I can't see anywhere on that page anything about pricing? Assuming it is for anyone with an APR tune? not sure what you meant by "turn on".

I have an ebay cable VCDS cable that works well. Use it for a lot of things. Gonzo even used it to reflash my buddies car over team viewer here in Texas so it should work.


----------



## Big_Tom (Aug 19, 2007)

^^^ it's all in my sig lol :thumbup:

*edit here's a link with a few pics 
http://forums.vwvortex.com/showthread.php?4560744-2871R-or-50-Trim/page2&p=75135596#post75135596


----------



## Frank-i-e (Nov 29, 2010)

Big_Tom said:


> ^^^ it's all in my sig lol :thumbup:
> 
> *edit here's a link with a few pics
> http://forums.vwvortex.com/showthread.php?4560744-2871R-or-50-Trim/page2&p=75135596#post75135596


OH SNAP! Me likey!!  GT30?? 28??


----------



## Big_Tom (Aug 19, 2007)

Frank-i-e said:


> OH SNAP! Me likey!!  GT30?? 28??


garrett t3/t4 50 trim


----------



## 19jetta91 (Apr 26, 2006)

If you purchase a car with an apr tune can you upgrade for $200 or would you have to pay full price?


----------



## DMVDUB (Jan 11, 2010)

*19Jetta91*------Depends on the dealer, but they should just charge for the upgrade.

*Frank-i-e*-------About V-Tune, it's a neat program for sure. The only thing Doug is forgetting is they will charge you $50 to "turn it on" (kinda BS if you ask me, but it does have a nice interface).
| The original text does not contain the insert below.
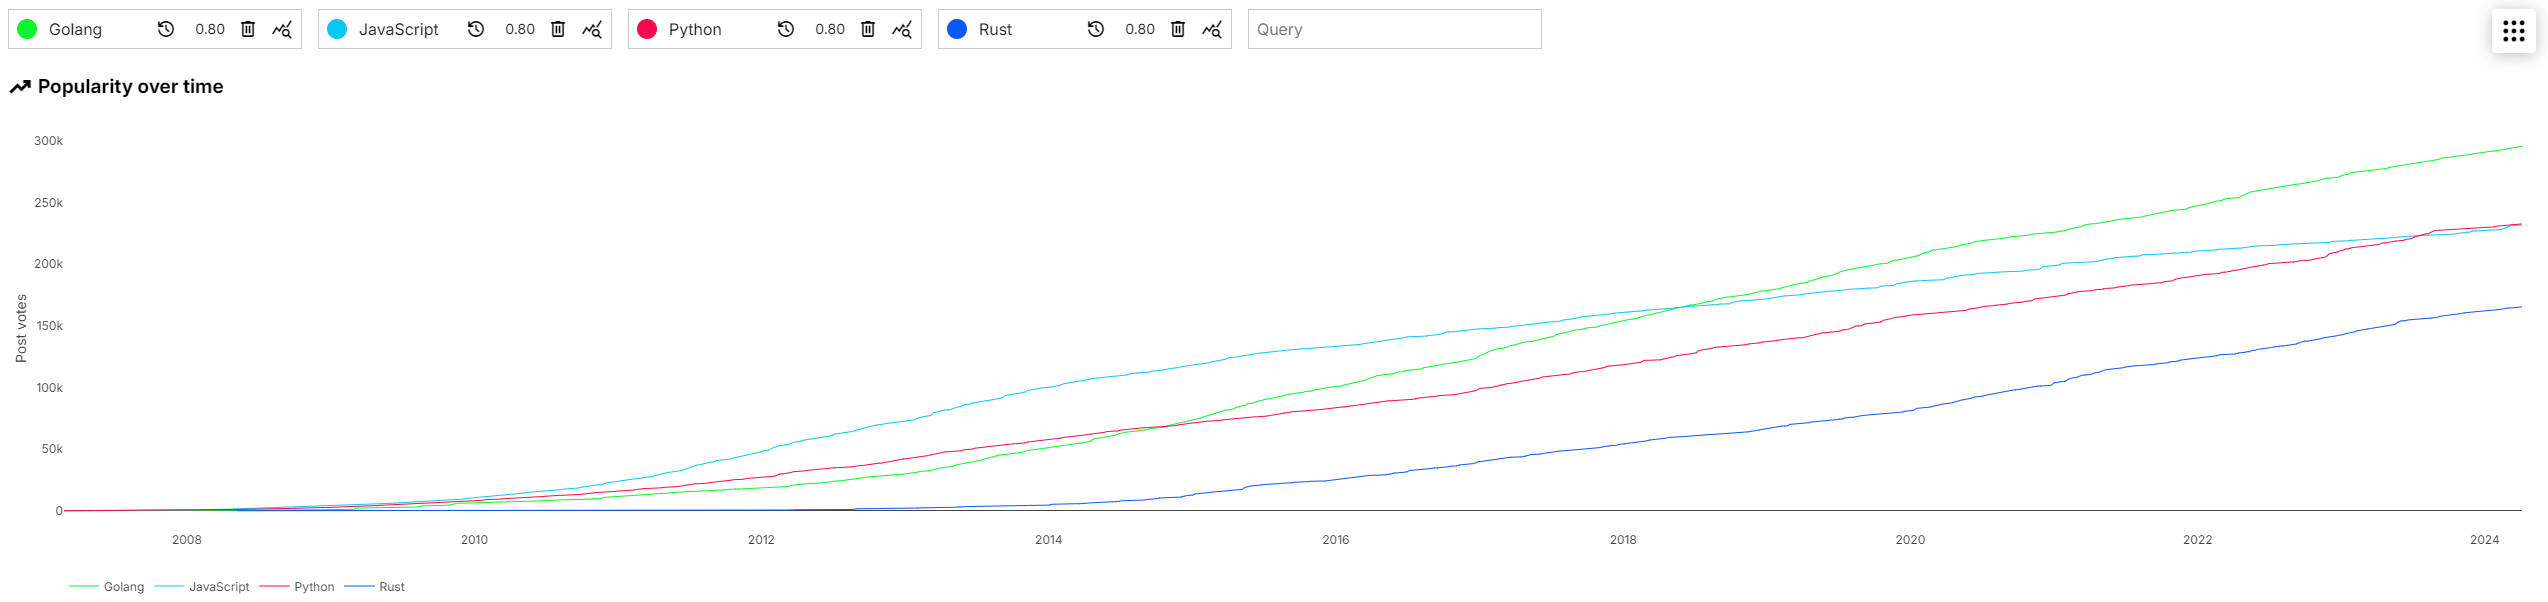 Popularity of Go, JavaScript, Python, and Rust.
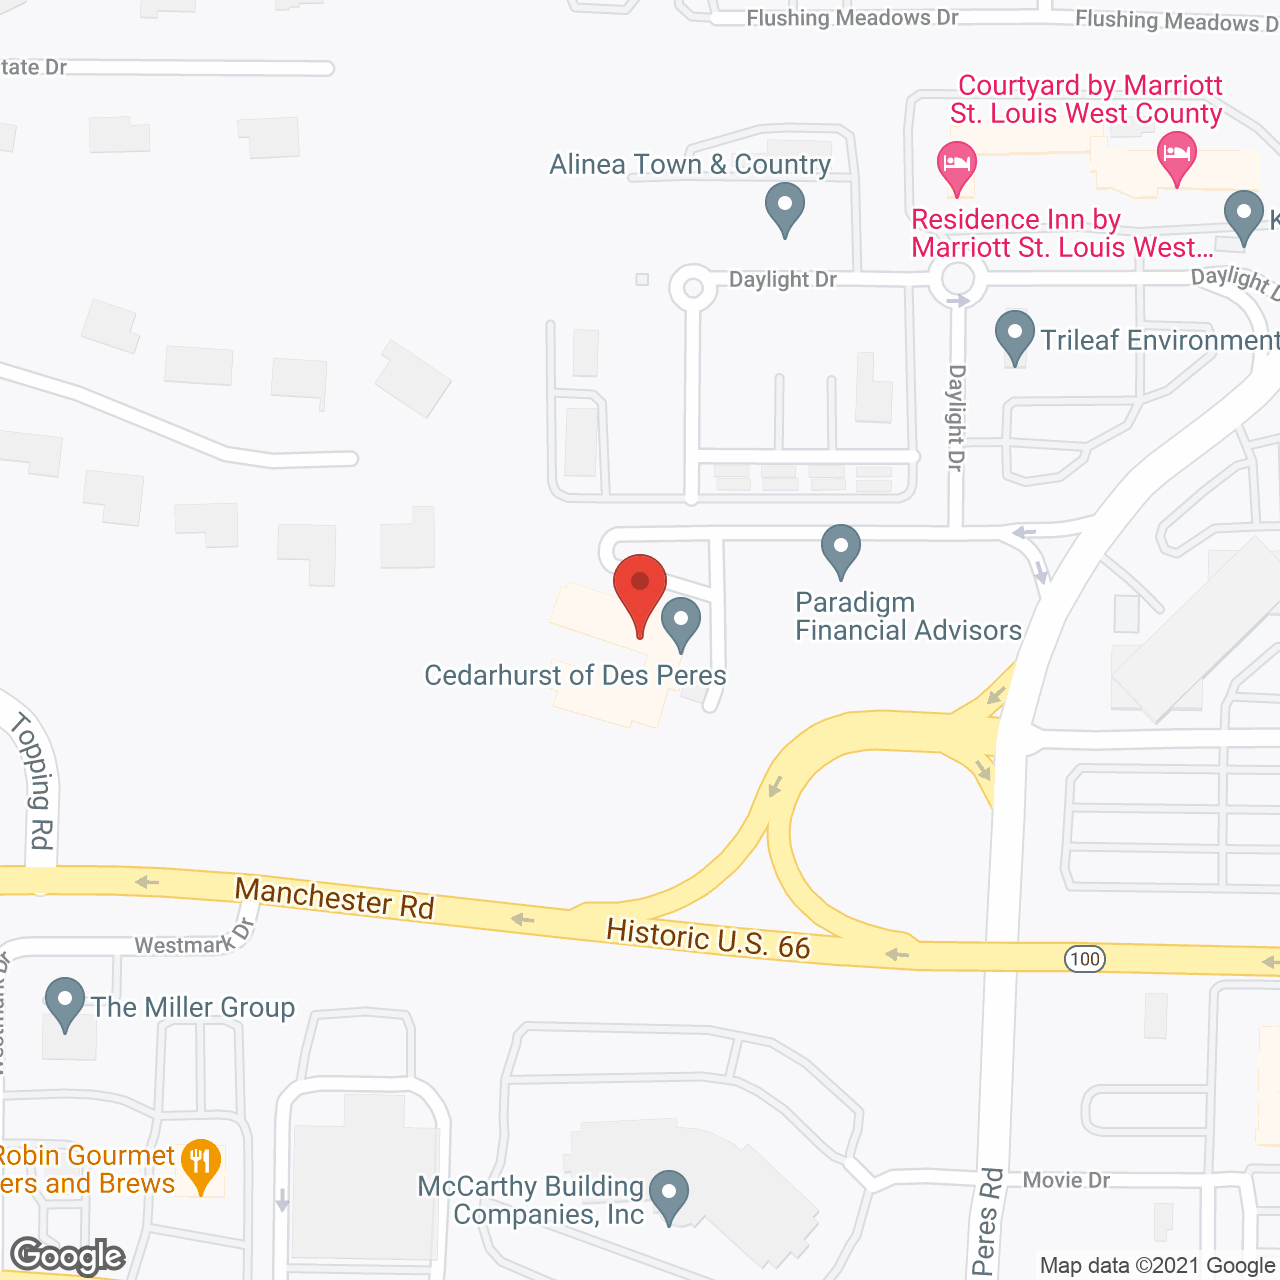 Cedarhurst of Des Peres in google map

You will have fun with the K04 it's obviously nothing major, but it is a lot of fun


----------



## Frank-i-e (Nov 29, 2010)

DMVDUB said:


> *19Jetta91*------Depends on the dealer, but they should just charge for the upgrade.
> 
> *Frank-i-e*-------About V-Tune, it's a neat program for sure. The only thing Doug is forgetting is they will charge you $50 to "turn it on" (kinda BS if you ask me, but it does have a nice interface).
> 
> You will have fun with the K04 it's obviously nothing major, but it is a lot of fun


I am definitely looking forward to it!  

Greedy APR, $50, Really??? PPPFFFFTTTTT



Big_Tom said:


> garrett t3/t4 50 trim


Awesome! You will get a PM shortly. Local shop as a fully custom kit with the T3/T4 50 trim for 2500 installed. 



19jetta91 said:


> If you purchase a car with an apr tune can you upgrade for $200 or would you have to pay full price?


You will first need to pay APR $150 to transfer the insurance/name on the ECU to yours. There after, you pay whatever the upgrade fee is. $350 I guess you would be at.


----------



## Big_Tom (Aug 19, 2007)

^^^ aight, i'm waitin


----------



## Frank-i-e (Nov 29, 2010)

Sent! 

So I was looking at Uni Settings and it seems to do the same thing as V Tune other than raise boost. You can only lower it and it is free. 

My buddy raised my idle with Uni settings and then lowered it, just to see if it works. So I guess it works with an APR tuned car.


----------



## Big_Tom (Aug 19, 2007)

^^^ replied


----------



## Frank-i-e (Nov 29, 2010)

For the K04 tune to hopefully help protect my engine. Obviously the right tune is the best tune. 

In this case, I'm not so sure. 

Tried a different N75 (both stock) 

Put it in stock mode and holds boost right where it should 8 lbs peak 11

K04 93 octane however, will hold 30 for a pretty good amount of time. What gives? This doesn't feel safe.  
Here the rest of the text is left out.